Dominique Méyépa

Personal information
- Nationality: Mauritian
- Born: 13 October 1972 (age 53)

Sport
- Sport: Sprinting
- Event: 4 × 100 metres relay

Medal record
Men's athletics
Representing Mauritius
Indian Ocean Island Games
| Gold medal – first place | 1993 Victoria | 4 × 100 m relay |
| Silver medal – second place | 1993 Victoria | 200 m |

= Dominique Méyépa =

Mauritian sprinter

Dominique Méyépa (born 13 October 1972) is a Mauritian sprinter. He won gold and silver medals at the Indian Ocean Island Games and competed in the men's 4 × 100 metres relay at the 1996 Summer Olympics.

Méyépa represented his country at the 1993 Indian Ocean Island Games, where he ran on the 4 × 100 metres relay to win the gold medal. He also won a silver medal in the individual 200 m at those Games.
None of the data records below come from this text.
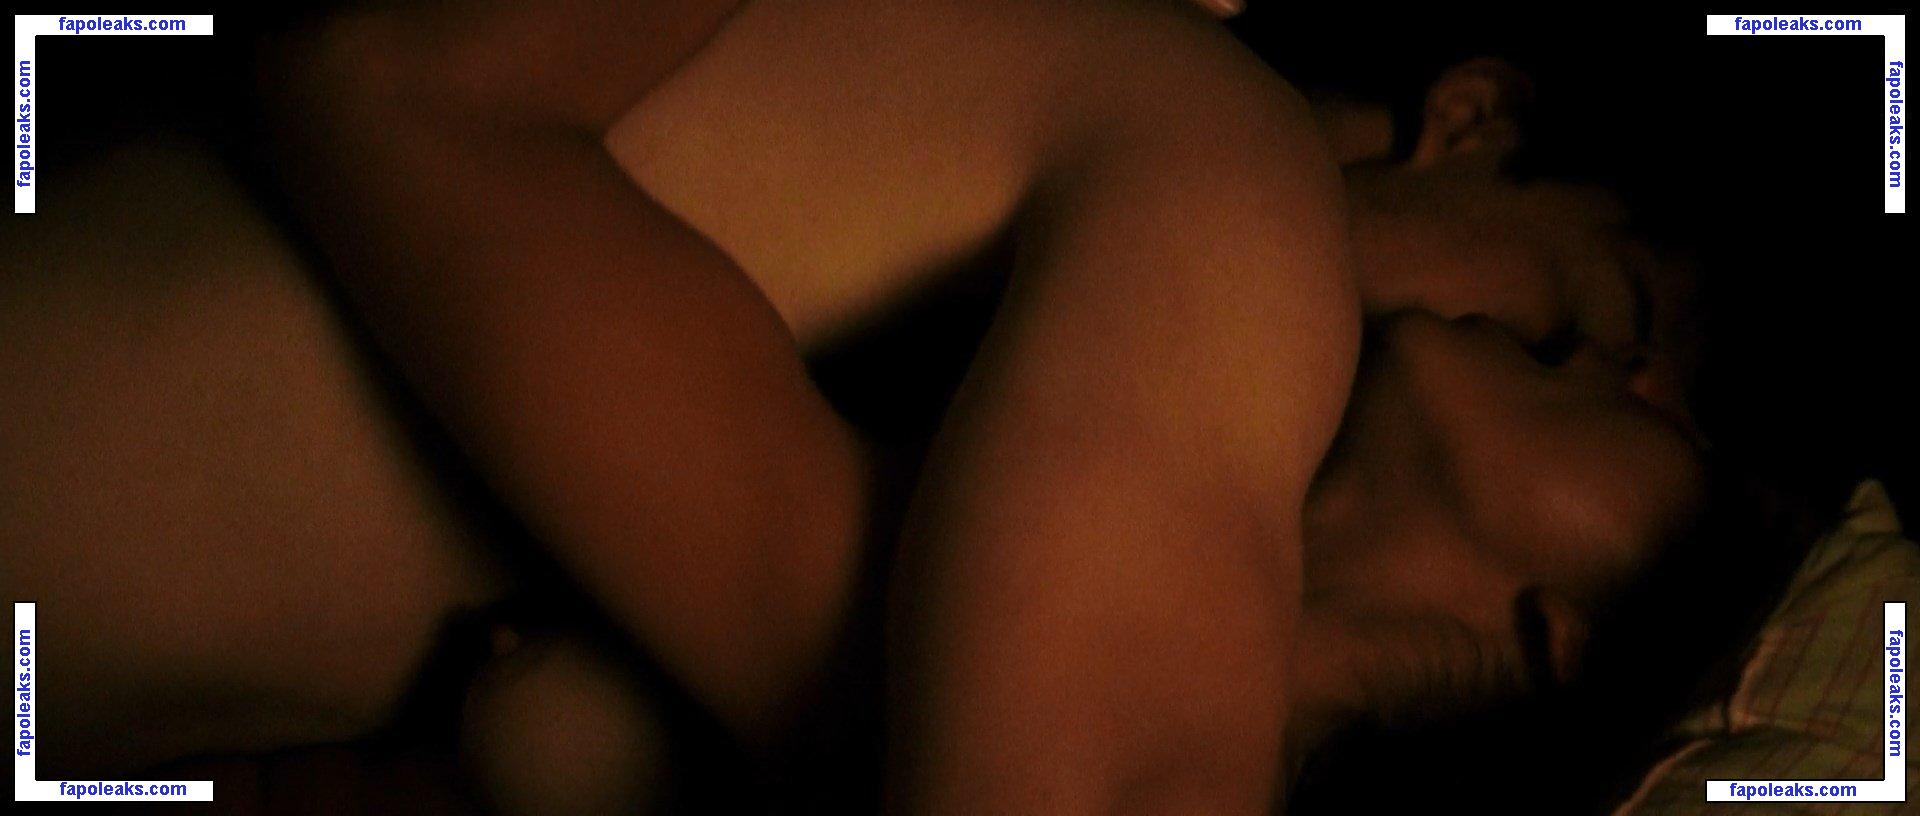 Alice Braga / alicebraga nude photo #0137 from OnlyFans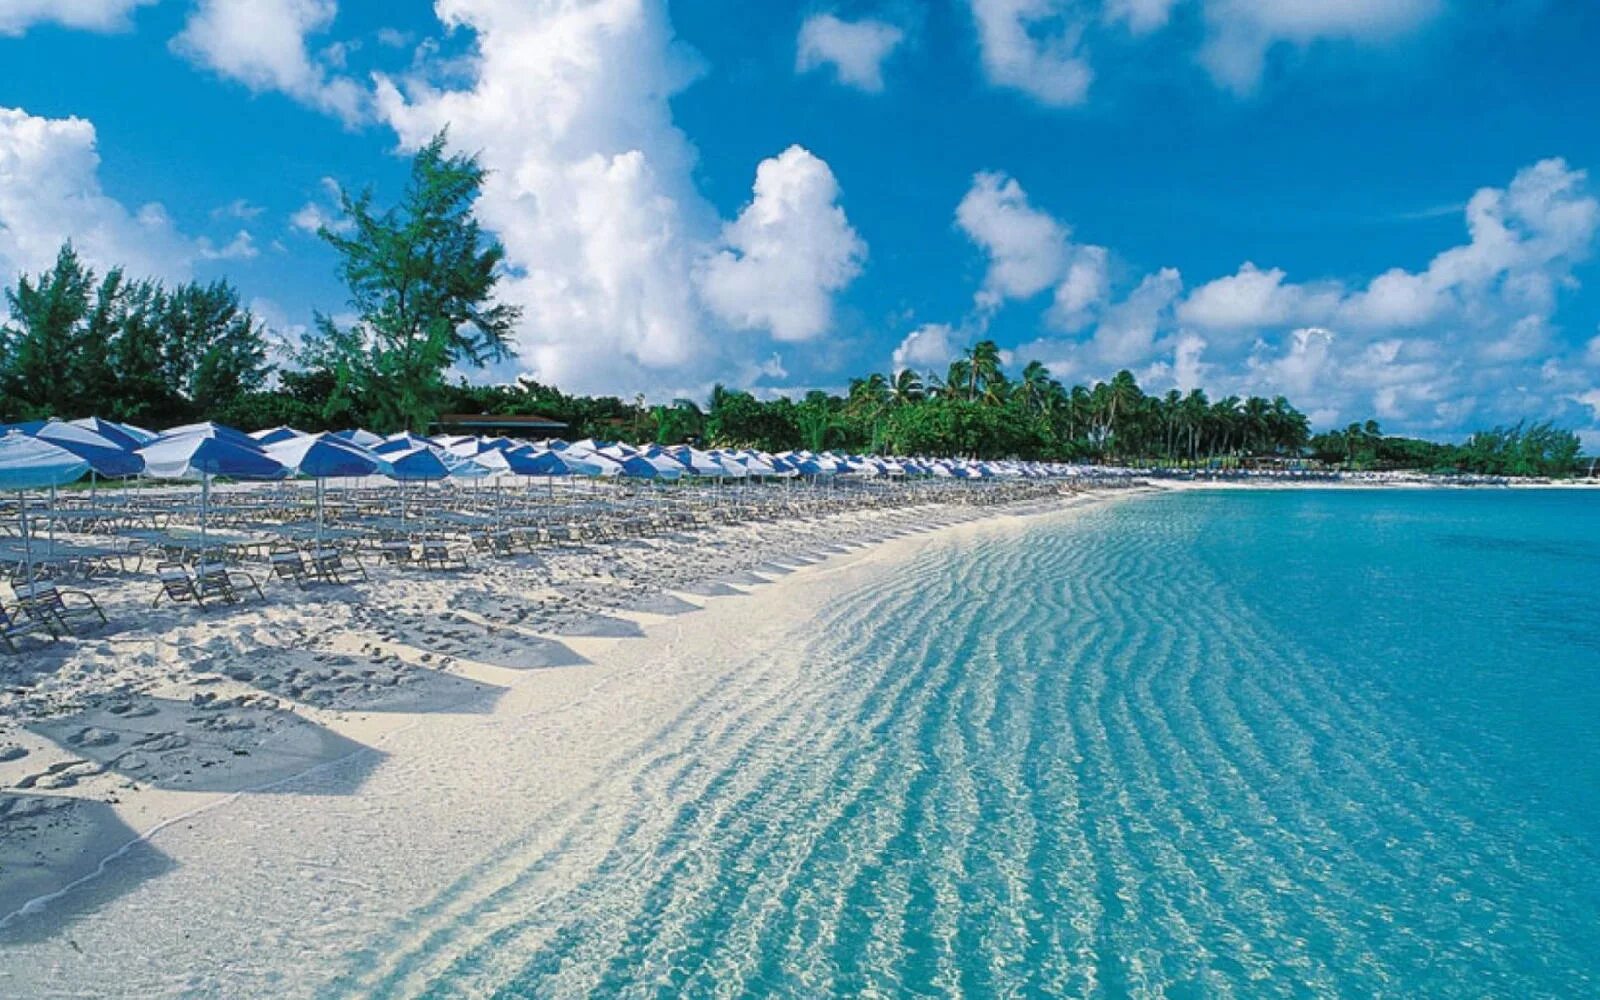 "Багамские острова". Нассау Багамские острова пляжи. Багамское мелководье, Багамы. Остров Парадайз Багамские острова.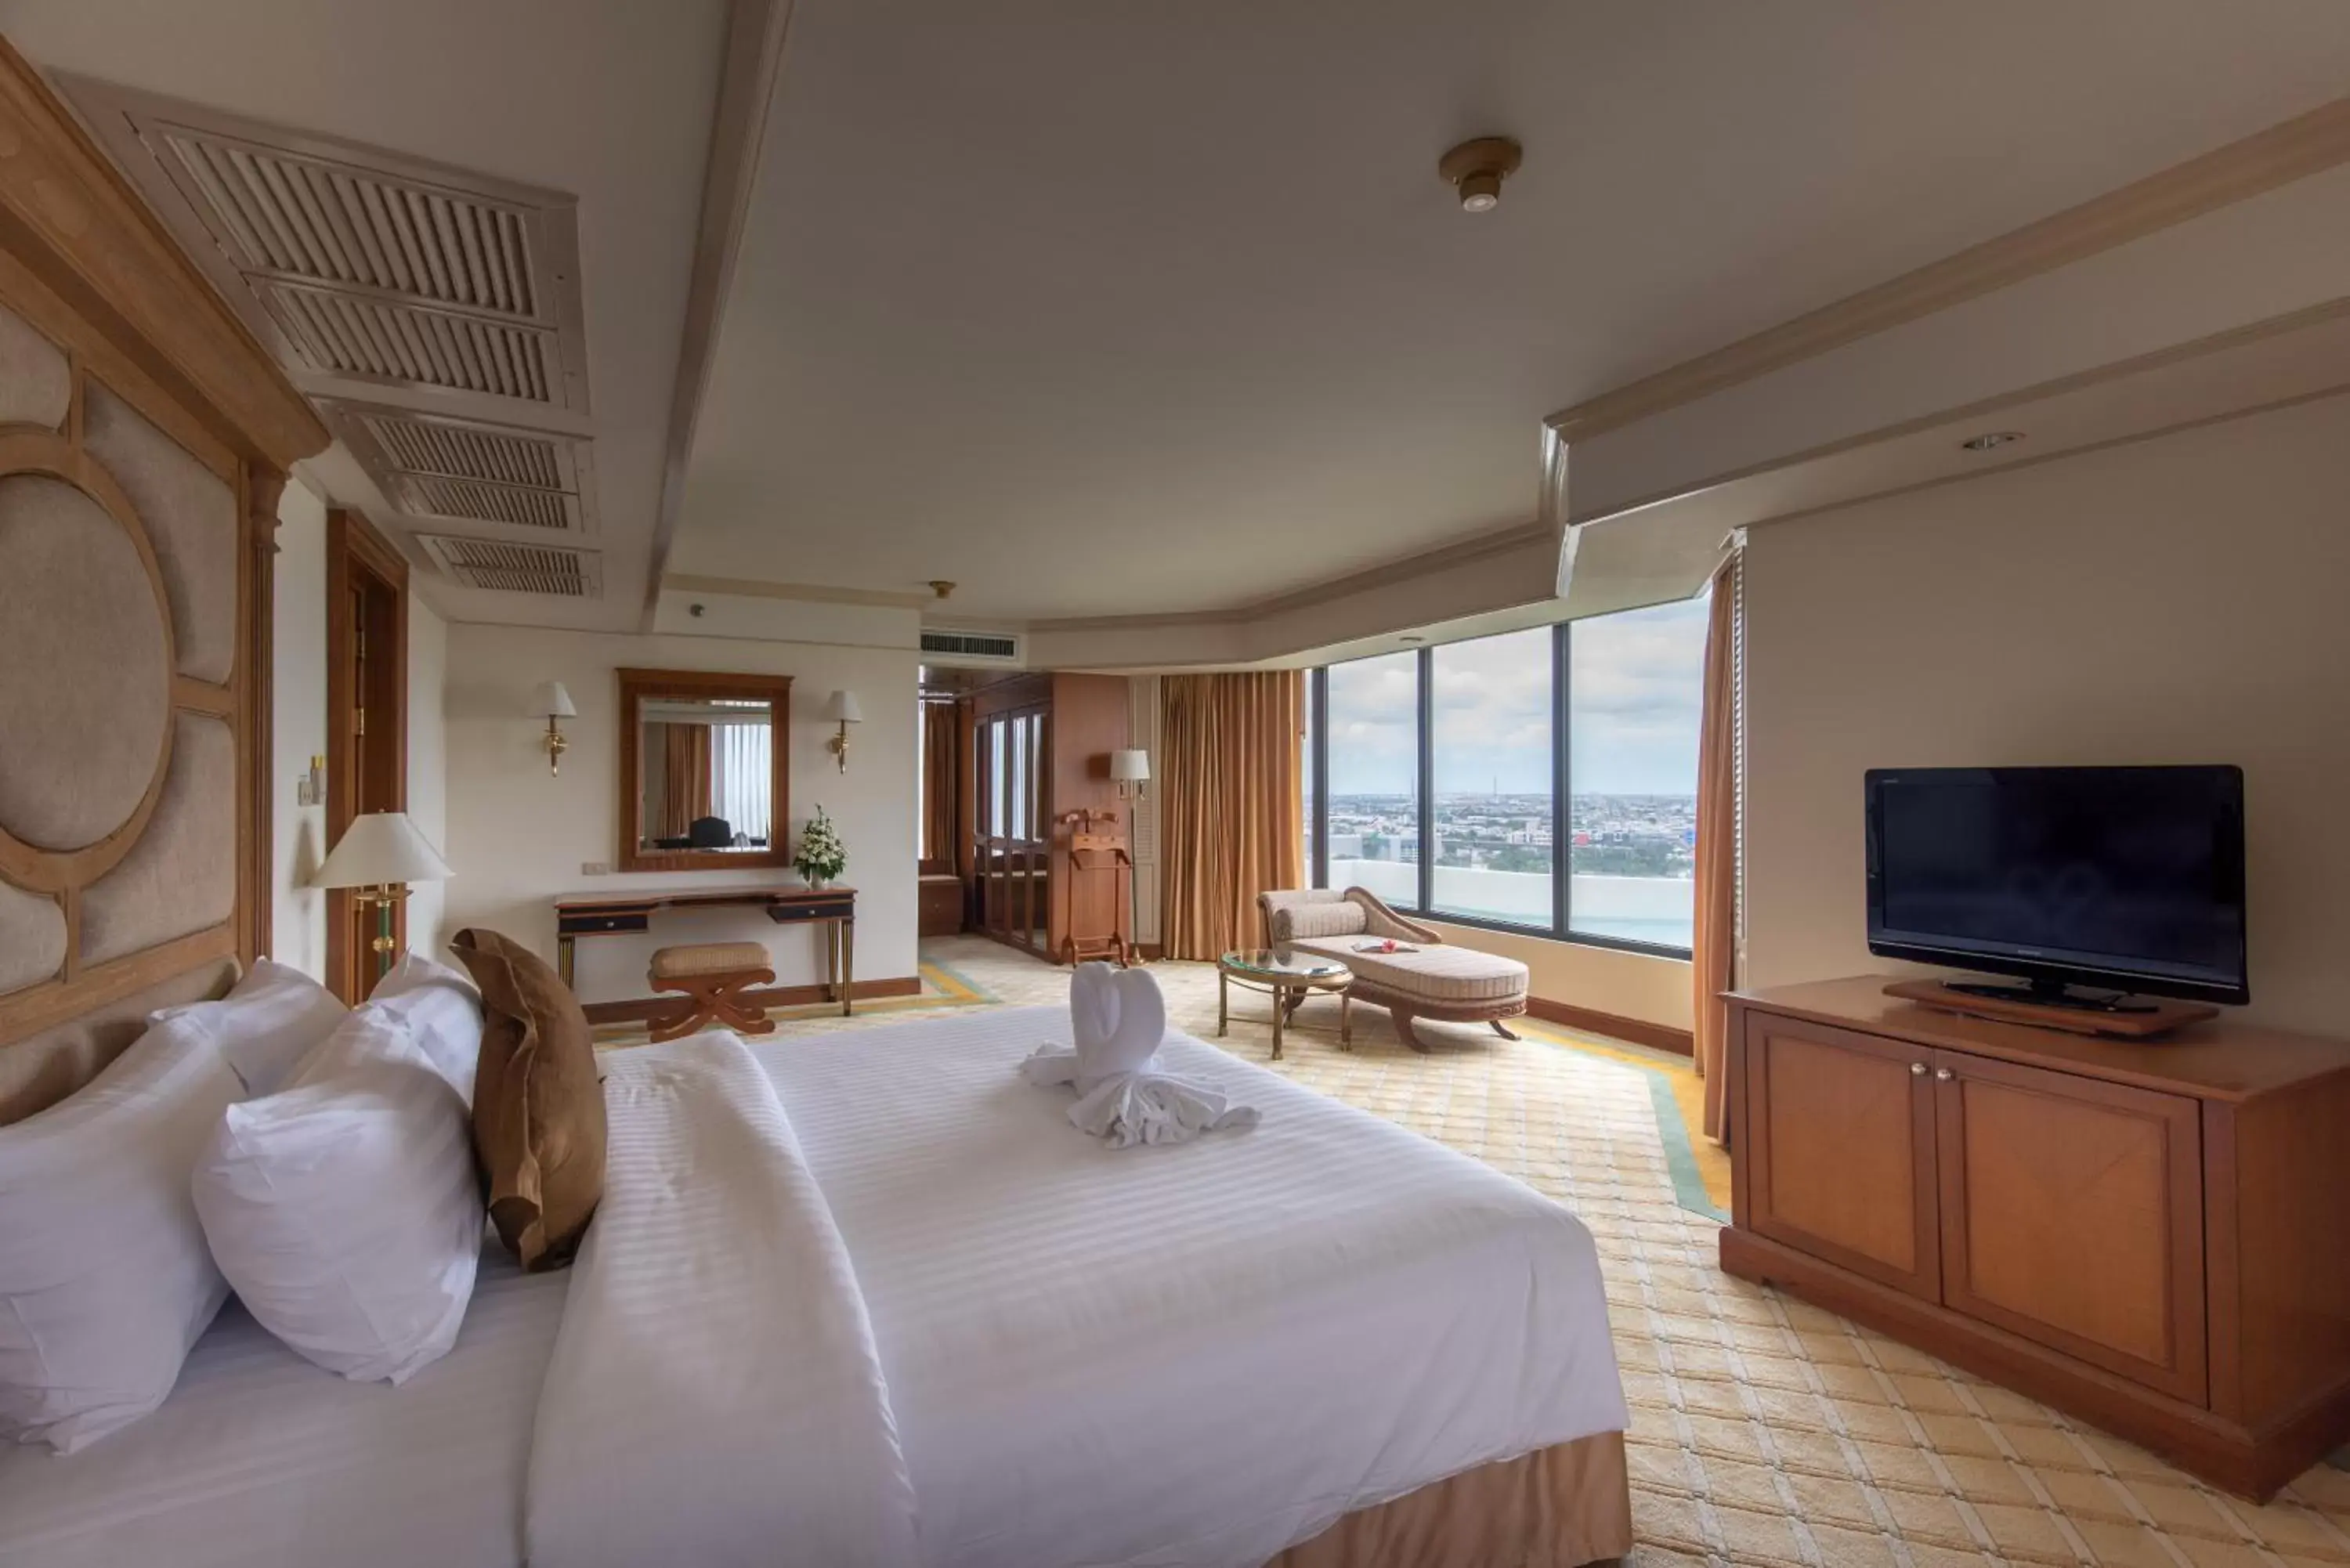 Bedroom in Montien Riverside Hotel Bangkok

He qualified for the 1994 Commonwealth Games in the 100 m, 200 m, and 4 × 400 m. He advanced to the quarter-finals of the 200 m, but did not make the finals. He also qualified for the 200 m and 4 × 100 m at the 1994 Francophone Games, where he was the fastest runner not to make the 200 m semi-finals and helped his Mauritian 4 × 100 m team qualify for the finals, where they finished 8th with Méyépa on the second leg.

Méyépa won the 1995 Seychelles Athletics Federation championships in the 200 m, competing as a foreign national. The following year, he won his own Mauritian Athletics Championships in the 200 m in a time of 21.38 seconds.

At the 1996 Olympics, Méyépa ran 2nd leg on the Mauritius sprint relay team that finished 7th in their heat.

Christian Boda was said to have opened the door for Méyépa's international successes, with Méyépa representing a newer phase of Mauritian athletics.